Вдвоём, держась за руки и смеясь, молодые люди пустились вниз по улице.
– Мери Давидовна, как сказать по-цыгански «сильный дождь»?
– Брышынд баро!
– Как смешно… А «добрый день»?
– Лачо дэвэс!
– А… А «я вас люблю»?
– Выджя палором пал мандэ![19]
– О, нет, нет, тут вы лукавите! Это, верно, что-нибудь другое означает?
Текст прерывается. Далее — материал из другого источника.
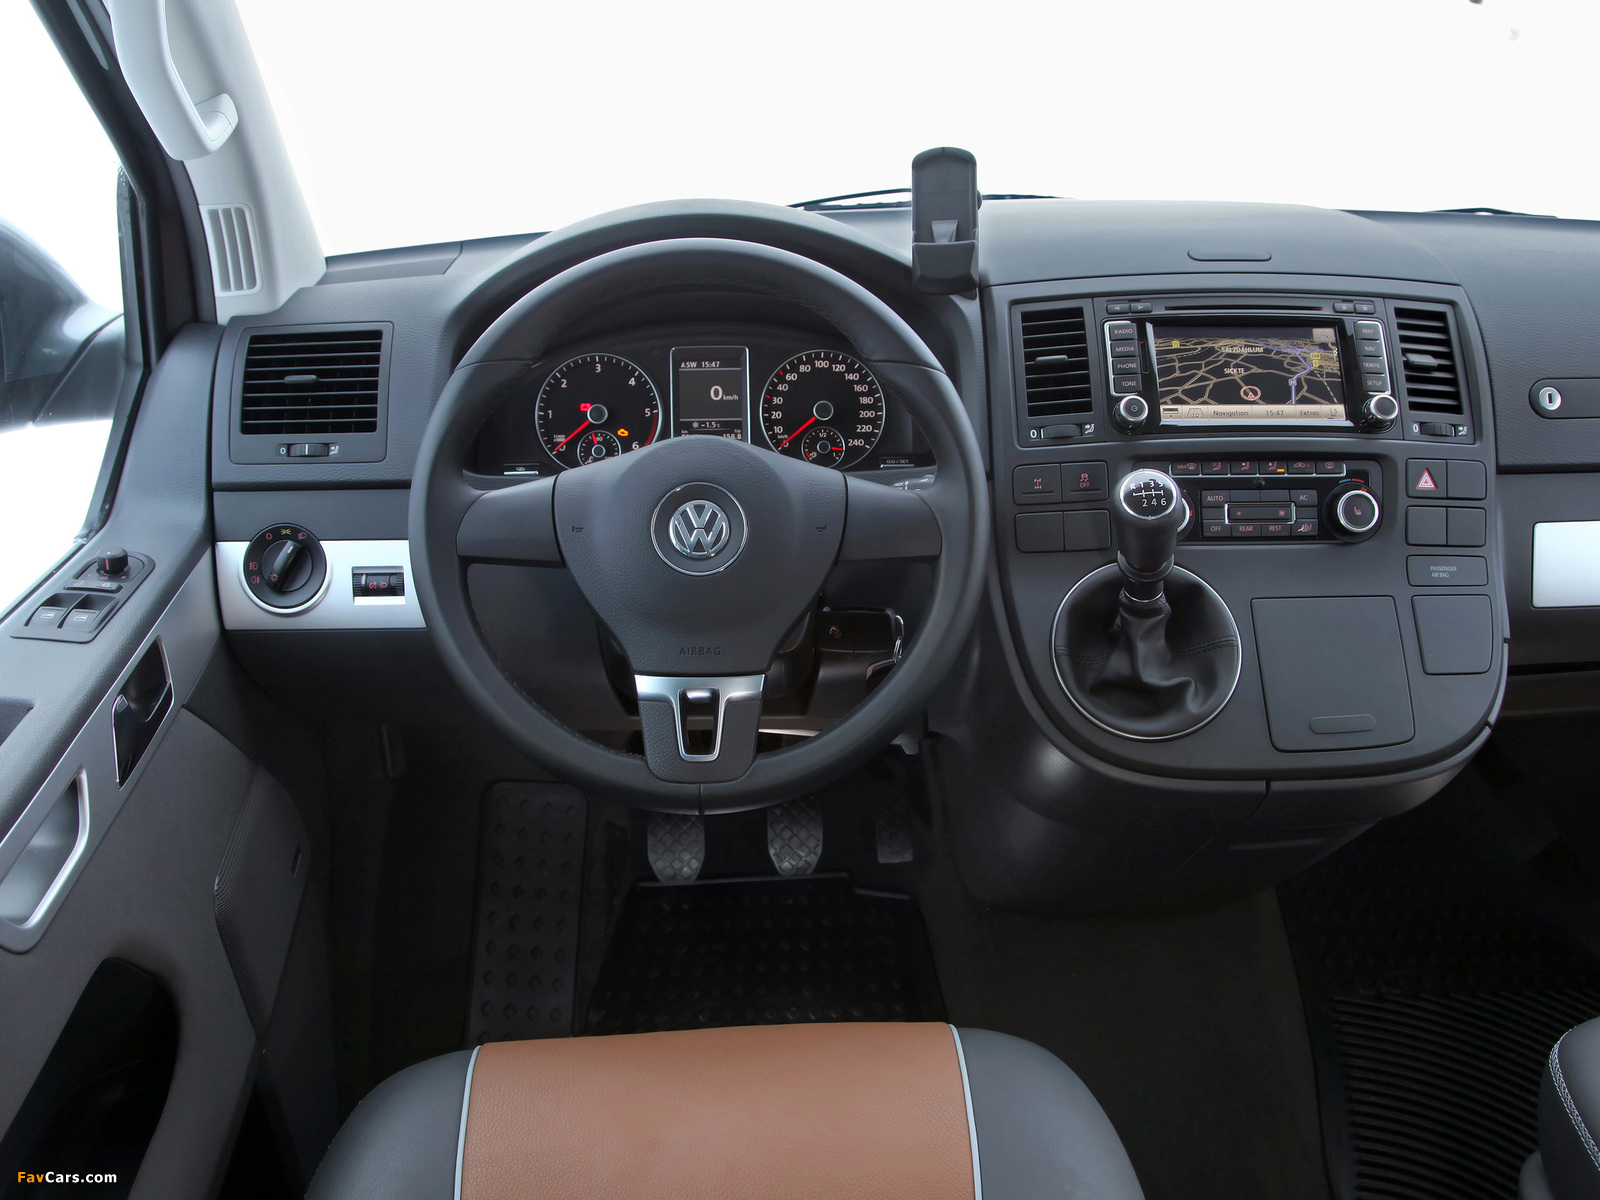 Volkswagen T5 Multivan Panamericana 2009 photos (1600 x 1200)

– Сначала ответьте, какую цыганку вы намерены соблазнить! Цыганские девушки весьма переборчивы, господин Солонцов! Ах, осторожнее, тут лужа выше колен, просто утонуть можно! Ай, нет, не надо меня нести, я сама, я умею… Ох, благодарю! Ей-богу, хуже чем в Тифлисе в Нижнем городе, а ещё Первопрестольная!
Улочку Живодёрку в Москве называли цыганской: здесь традиционно селились хоровые цыгане, выступавшие по вечерам в знаменитых ресторанах Петровского парка. Живодёрка была кривой, грязной, немощёной; перерезавшую её надвое огромную, поросшую по краям осокой лужу, в которой косяками плавали утки и гуси, с полным правом иногда называли прудом. В пыли вдоль заборов валялись поросята и собаки, копошились куры. Домики были низкими, старыми, разваливающимися. Похвастаться некоторой солидностью могли лишь три строения на всю Живодёрку: бесформенный доходный дом Щукиных, опутанный, как паутиной, разнообразными пристройками, галереями и выходами, публичный дом мадам Востряковой и дом цыган Дмитриевых.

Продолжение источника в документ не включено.